17. Batch Optimization
Chapter 17 of 18 · 20 min
Efficient batching transforms single-request latency into throughput. The challenge lies in batching variable-length sequences without excessive padding waste.
Static batching pre-pads sequences to maximum length:
# Inefficient static batching
batch = [
prompt_10_tokens,
prompt_1000_tokens,
prompt_50_tokens,
]
# All padded to 1000 tokens = massive waste on short prompts
# GPU utilization: ~1% for prompt_10, ~10% for prompt_50
Dynamic batching groups sequences by similar length:
# vLLM dynamic batching
from vllm import LLM
llm = LLM(
model="meta-llama/Llama-2-70b-hf",
max_num_seqs=256, # Maximum sequences per batch
max_num_batched_tokens=8192, # Token budget per batch
enable_chunked_prefill=True, # Split long prefill
)
# vLLM automatically groups sequences by length
# Prefers grouping: [10, 11, 12, 13] over [10, 1000]
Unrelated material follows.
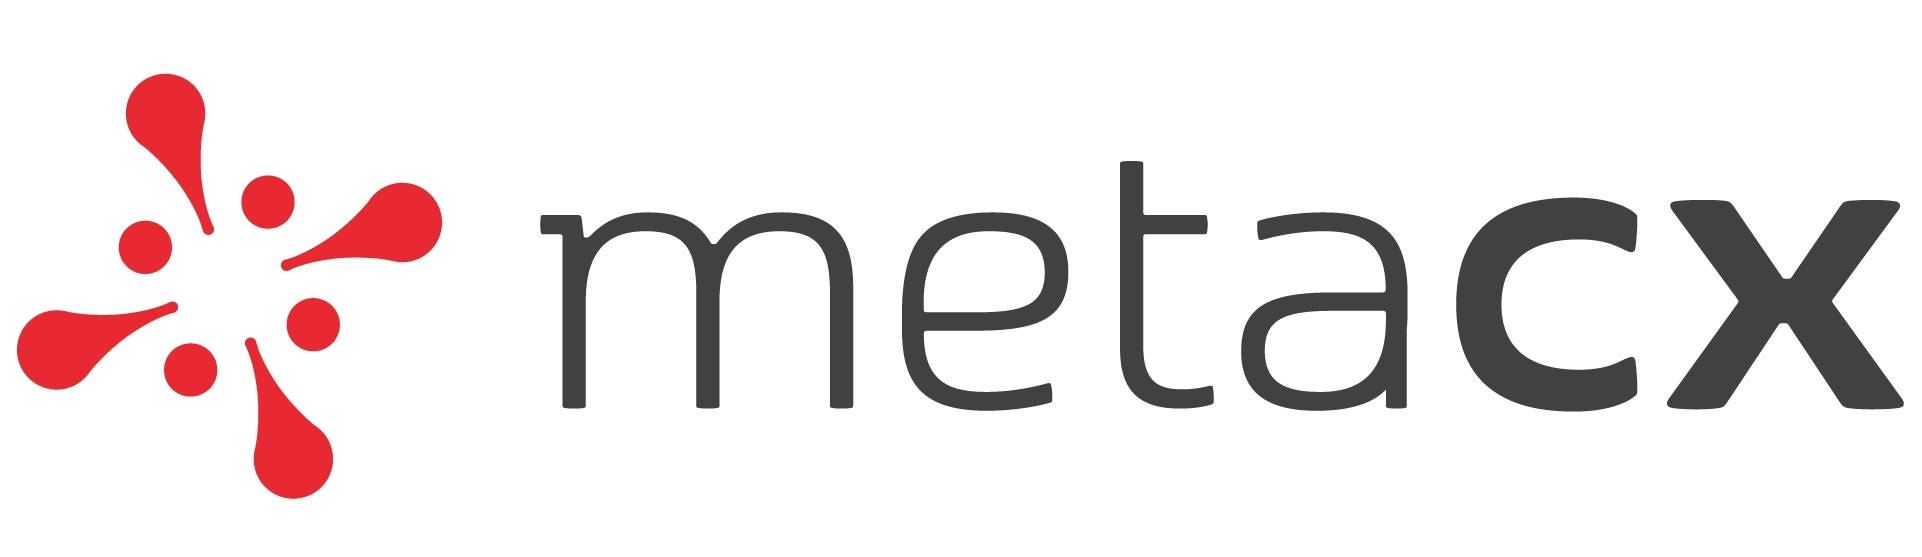 Metacx-logo

# GPU utilization: much higher with grouped sequences
Continuous batching (iteration-level scheduling) preempts completed sequences and adds new ones each forward pass:
# Continuous batching behavior
# Forward pass 1: [seq1, seq2, seq3, seq4] - all generating
# Forward pass 2: [seq1, seq2, seq3] - seq4 completed, new seq5 added
# Forward pass 3: [seq2, seq3, seq5, seq6] - seq1 completed, new seq6 added
# GPU utilization: ~80-95% with sufficient queue depth
Batch size tuning depends on workload characteristics:
# For throughput-optimized serving (many concurrent users)
llm = LLM(
model="meta-llama/Llama-2-70b-hf",
max_num_seqs=512, # Many concurrent sequences
max_num_batched_tokens=16384, # Larger token budget
throughput_optimization_level=1, # Prioritize throughput
)
# For latency-optimized serving (few users, expect fast response)
llm = LLM(
model="meta-llama/Llama-2-70b-hf",
max_num_seqs=16, # Few concurrent sequences
max_num_batched_tokens=2048, # Smaller token budget
num_scheduler_steps=1, # Minimize scheduling overhead
)
Prefill vs decode balancing:
# Prefill-heavy workload (many new requests)
llm = LLM(
model="meta-llama/Llama-2-70b-hf",
max_num_batched_tokens=8192, # Larger prefill budget
preemption_mode="swap", # Swap preemption for long prefills
)
# Decode-heavy workload (long generations)
llm = LLM(
model="meta-llama/Llama-2-70b-hf",
max_num_seqs=256, # More decode sequences
chunked_prefill_batch_size=16, # Limit prefill batch size
)
Monitoring batch efficiency:
# Key metrics to track
metrics = {
"batch_utilization": "tokens_used / max_num_batched_tokens",
"queue_length": "waiting requests (look for spikes)",
"prefill_decode_ratio": "prefill tokens / decode tokens",
"gpu_utilization": "should be > 80% under load",
}
# Calculate batch efficiency
batch_efficiency = (
sum(gen_tokens) /
(batch_size * max(gen_lengths))
)
# High efficiency: > 0.7
# Low efficiency: < 0.3 (indicates padding waste)
EXERCISE
Generate traffic patterns with varying concurrency levels. Measure throughput (tokens/second) and latency (p50, p99) at each concurrency level. Identify the concurrency threshold where latency begins degrading.